“Why, surely! Who could see thee without liking, or hear thy voice and not love thee? Love thee, Nick? Why, on my word and honour, lad, I love thee with all my heart.”
“Thou hast chosen strange ways to show it, Master Carew,” said Nick, and looked straight up into the master player’s eyes.
Carew turned upon his heel and ordered the dinner.
It was a good dinner: fat roast capon stuffed with spiced carrots; asparagus, biscuit, barley-cakes, and honey; and to end with, a flaky pie, and Spanish cordial sprinkled with burnt sugar. With such fare and a keen appetite, a marvelous brand-new suit of clothes, and Cicely chattering gaily by his side, Nick could not be sulky or doleful long. He was soon laughing; and Carew’s spirits seemed to rise with the boy’s.

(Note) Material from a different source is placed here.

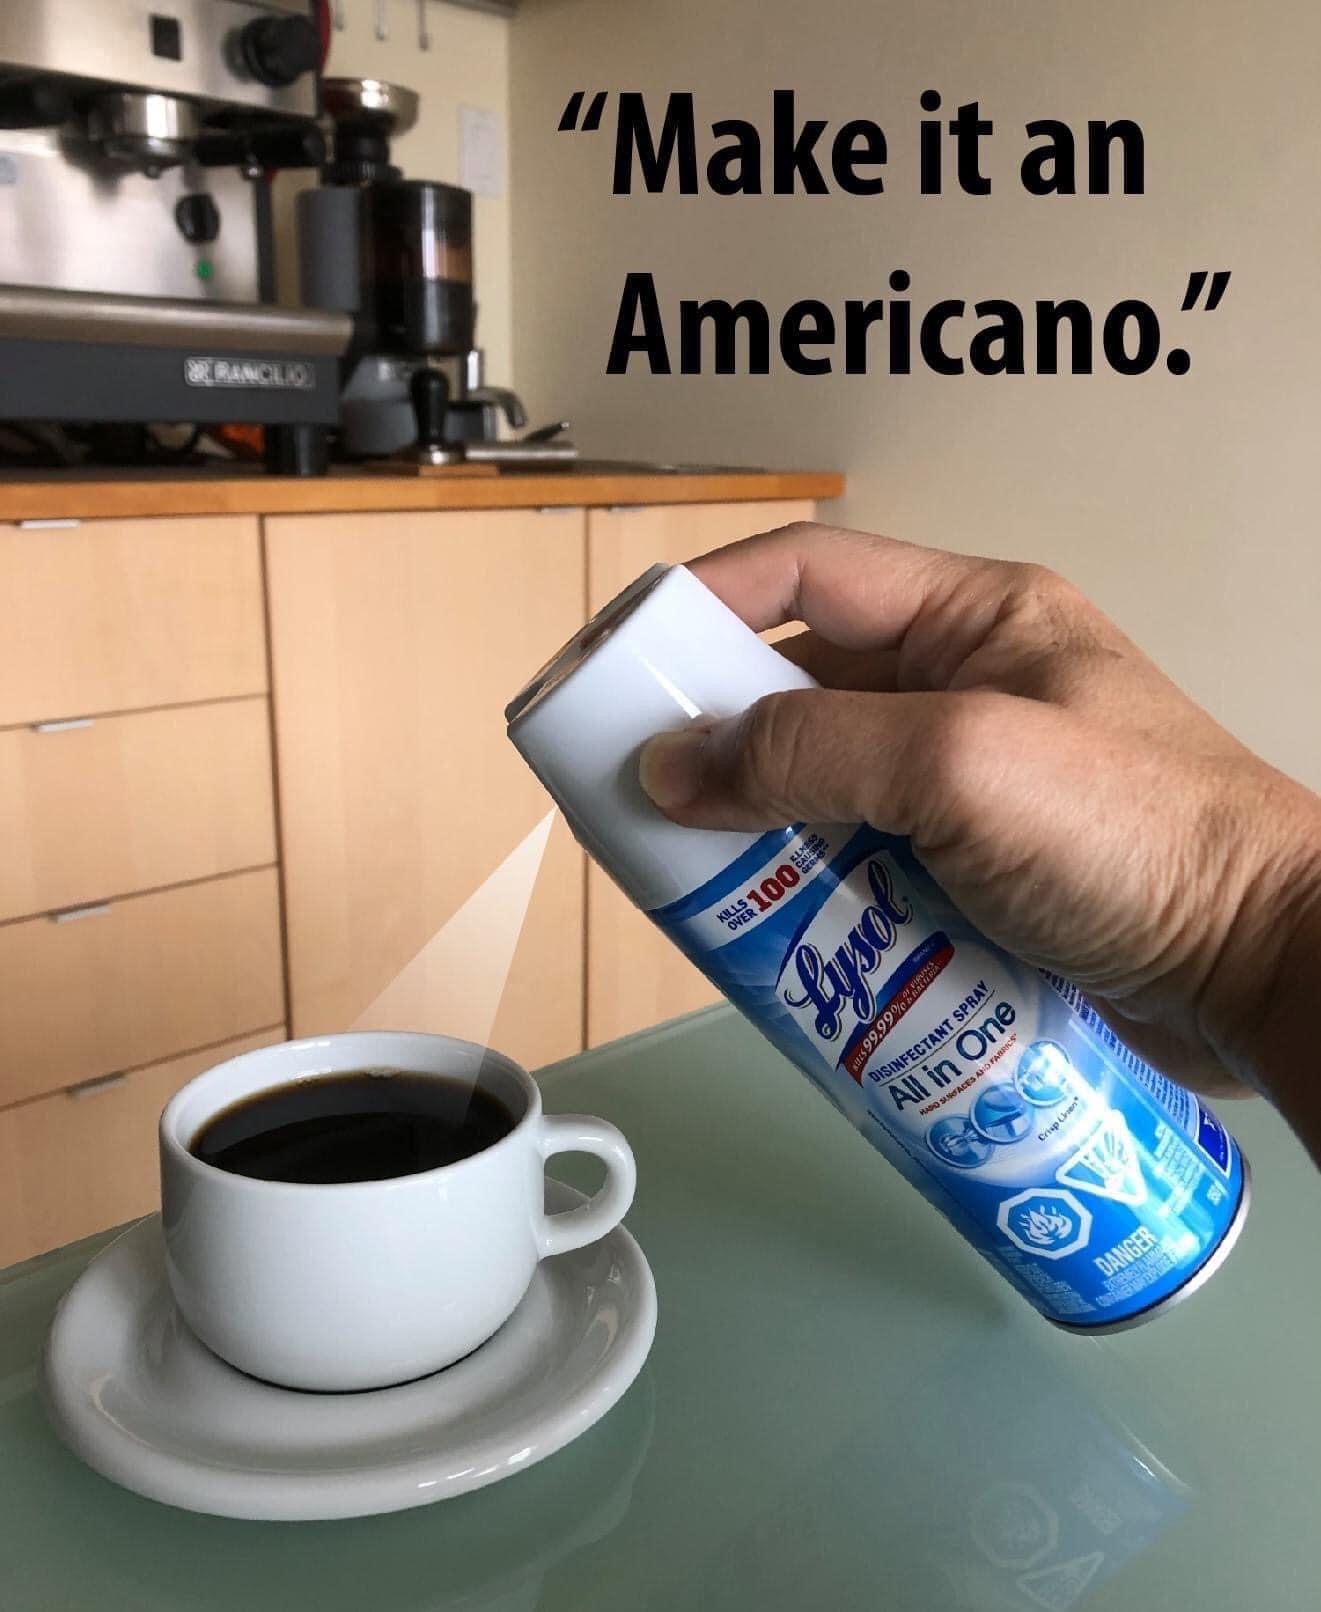 cup - "Make it an Americano." Months 100 Lysol es 99.99% Disinfectant Spray All in One Asosaces Faro Crispurn

“Here, here!” he cried, as Nick was served the third time to the pie; “art hollow to thy very toes? Why, thou’lt eat us out of house and home—hey, Cicely? Marry come up, I think I’d best take Ned Alleyn’s five shillings for thine hire, after all! What! Five shillings? Set me in earth and bowl me to death with boiled turnips!—do they think to play bob-fool with me? Five shillings! A fico for their five shillings—and this for them!” and he squeezed the end of his thumb between his fingers. “Cicely, what dost think?—Phil Henslowe had the face to match Jem Bristow with our Nick!”
“Why, daddy, Jem hath a face like a halibut!”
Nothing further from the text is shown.